Но скоро распространился другой слух:
"Все индейцы, которые живут и работают с бледнолицыми, будут считаться как бледнолицые, и их не будут убивать".
Эти слухи стали циркулировать два дня спустя после трагических событий в лагере Вундед-Ни. Тогда был отдан приказ агентам, чтобы никто не выходил из дому,-никто, ни мужчины, ни женщины. Нервы у всех были напряжены до последней степени. Мой дом был окружен со всех сторон солдатами, и я не знал, живы ли мои близкие или нет. Моя жена с детьми уехала погостить к отцу прежде, чем разыгралась трагедия.
Я обсудил положение с двумя товарищами по школе, которые гостили у меня: Джулианом Уистлером и Франком Дженисом. Мы решили, что нам необходимо оружие, чтобы быть наготове, если придется сражаться с солдатами. Не теряя времени, мы достали себе по ружью и много патронов. Хотя все мы были воспитанниками школы в Карлисле, где нас учили обычаям бледнолицых, но наши сердца были с индейским народом, и мы должны были сражаться на его стороне.
Прошло несколько дней, и я решил побывать на месте печальных событий в Вундед-Ни, а потом проехать в агентство Пайн Ридж, чтобы навестить отца и узнать о судьбе моей жены и детей. Я ничего о них не слышал.
Все это время шел снег и погода стояла очень холодная. Надо было проехать 30 миль верхом на лошади, но меня это не пугало: лошадь у меня была хорошая, и я был тепло одет.
Я приехал на место, где разыгралась трагедия, рано утром. Тела были уже убраны. Только кое-где валялись трупы лошадей.
Жерди типи были изломаны и лежали, нагроможденные в кучи. Кухонная посуда валялась повсюду в беспорядке.

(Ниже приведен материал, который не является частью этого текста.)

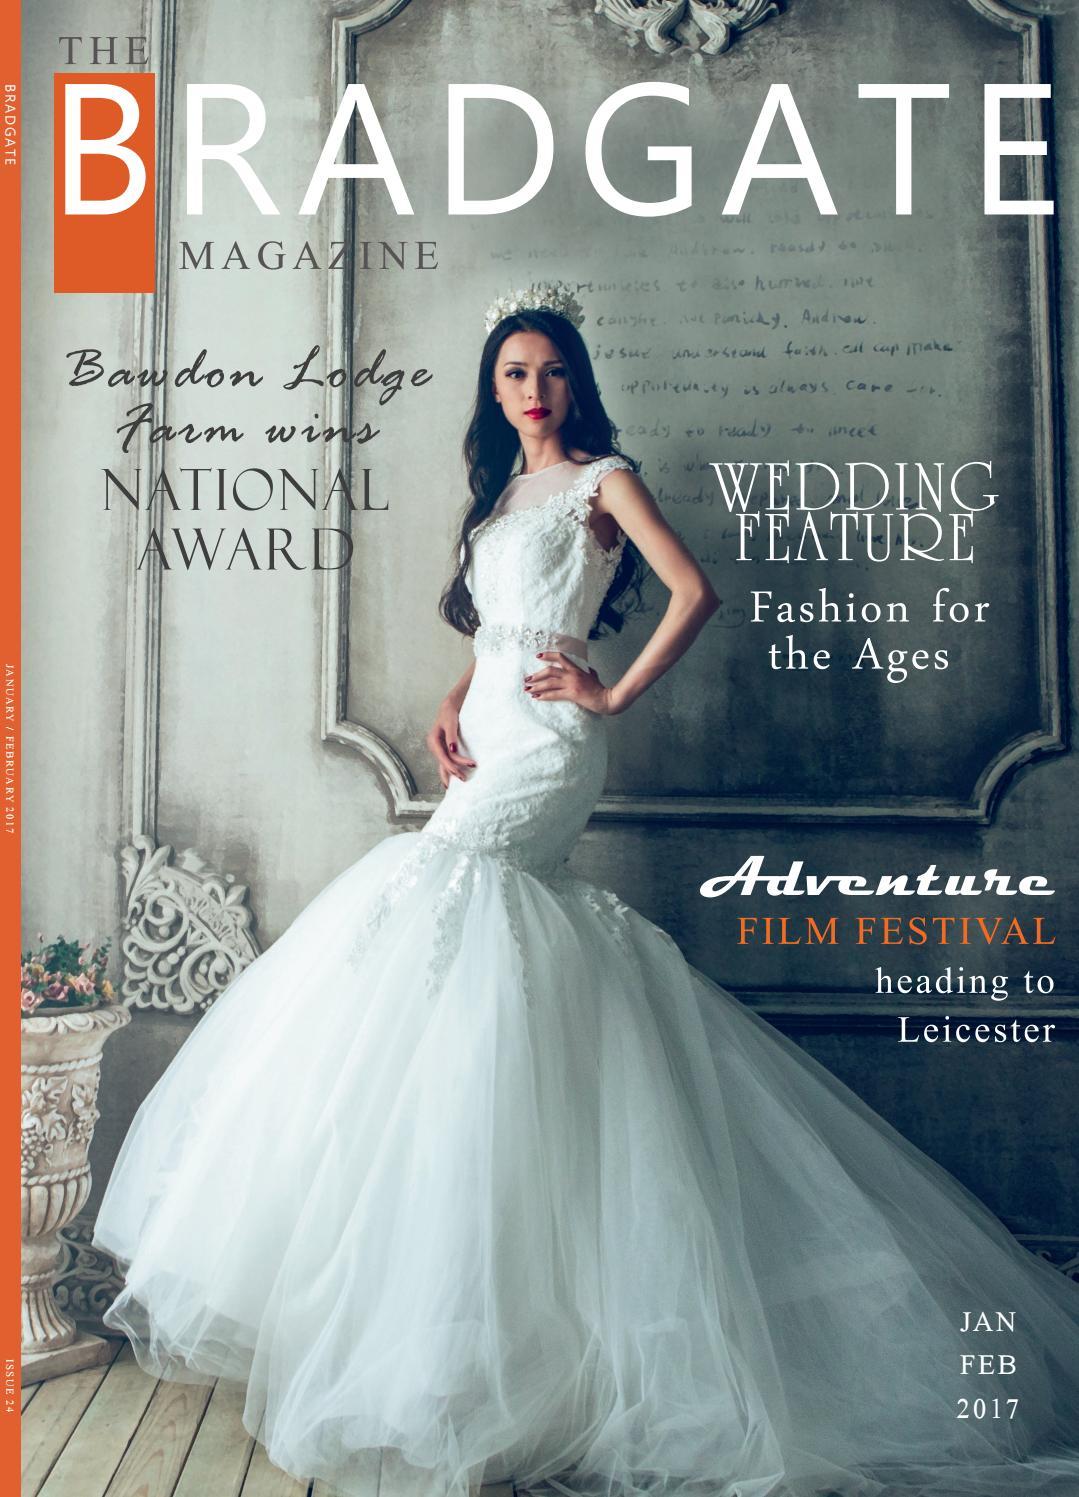 The Bradgate Magazine - January 2017 by The Bradgate Magazine -  Leicestershire - issuu
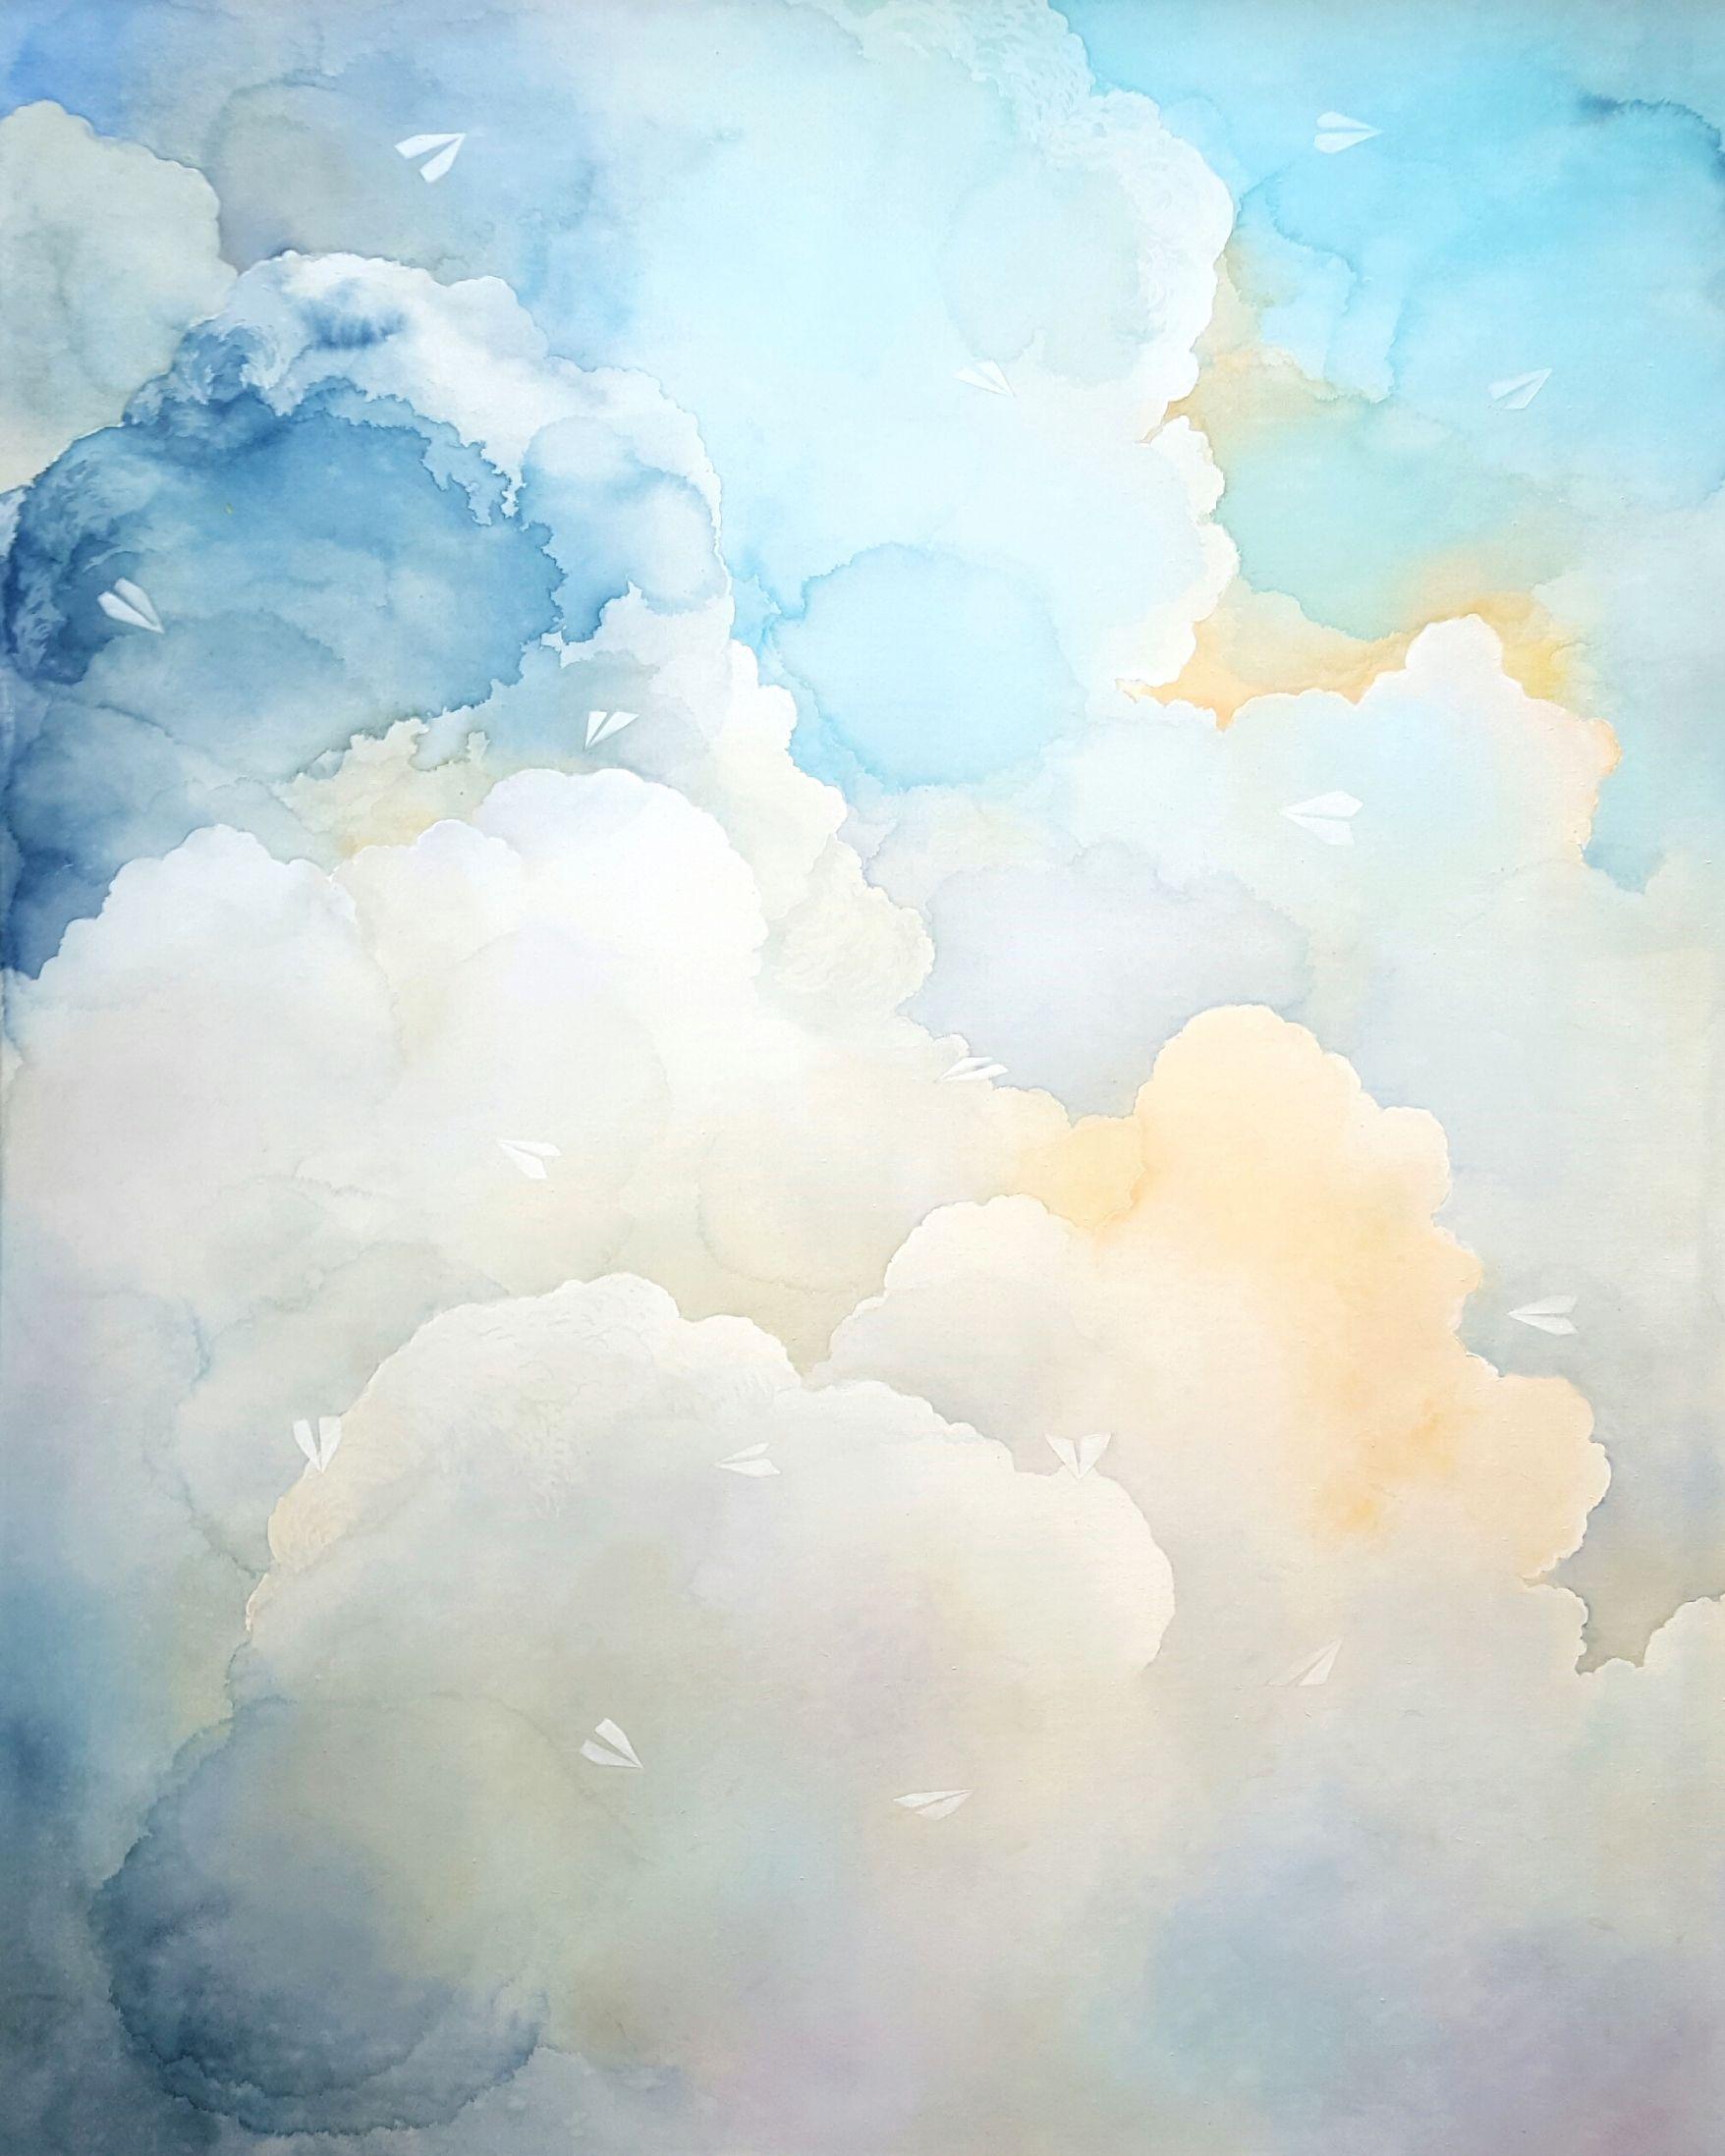 Art Watercolor Blue Watercolour Wash Texture Inspiration

Старые фургоны лежали опрокинутыми, с обломленными оглоблями.
Тишина, которая царила над этим разоренным, опустошенным местом, была жуткая, угнетающая.
Только что начало светать. Я увидел много маленьких прудов. В некоторых из них вода была чистая и прозрачная, в других же она была красная-от крови моего народа...
Я был вне себя от гнева и негодования, и, если бы сейчас попались мне солдаты, я перестрелял бы их всех. Но никого не было. Это место смерти, опустошенное и покинутое всеми, было ужасно.
Я постоял несколько минут совсем тихо, чтобы почтить память погибших.
Потом повернулся и поскакал: меня беспокоила судьба близких. Надо было навестить их или хотя бы узнать, все ли у них благополучно.
По дороге я встретил нескольких индейцев. Мой первый вопрос был: знают ли они что-нибудь об отце и моей семье? Они ответили, что отец и вся семья живы.
Эти вести отчасти успокоили меня, но печальные раздумья о судьбе моего народа не покидали меня.
После кровавой расправы бледнолицых все индейцы, которые участвовали в танце, собрали большое количество оружия и ушли на север резервации, в горы, где скрылись в неприступном ущелье. В воде они не чувствовали там недостатка, кругом рос лес, так что и костер было чем разжечь, а мясо они доставали себе ночью: резали скот колонизаторов, который пасся на соседних пастбищах.
Они держали на посту днем и ночью у входа в ущелье двух разведчиков, так что никто не мог пробраться к ним незамеченным.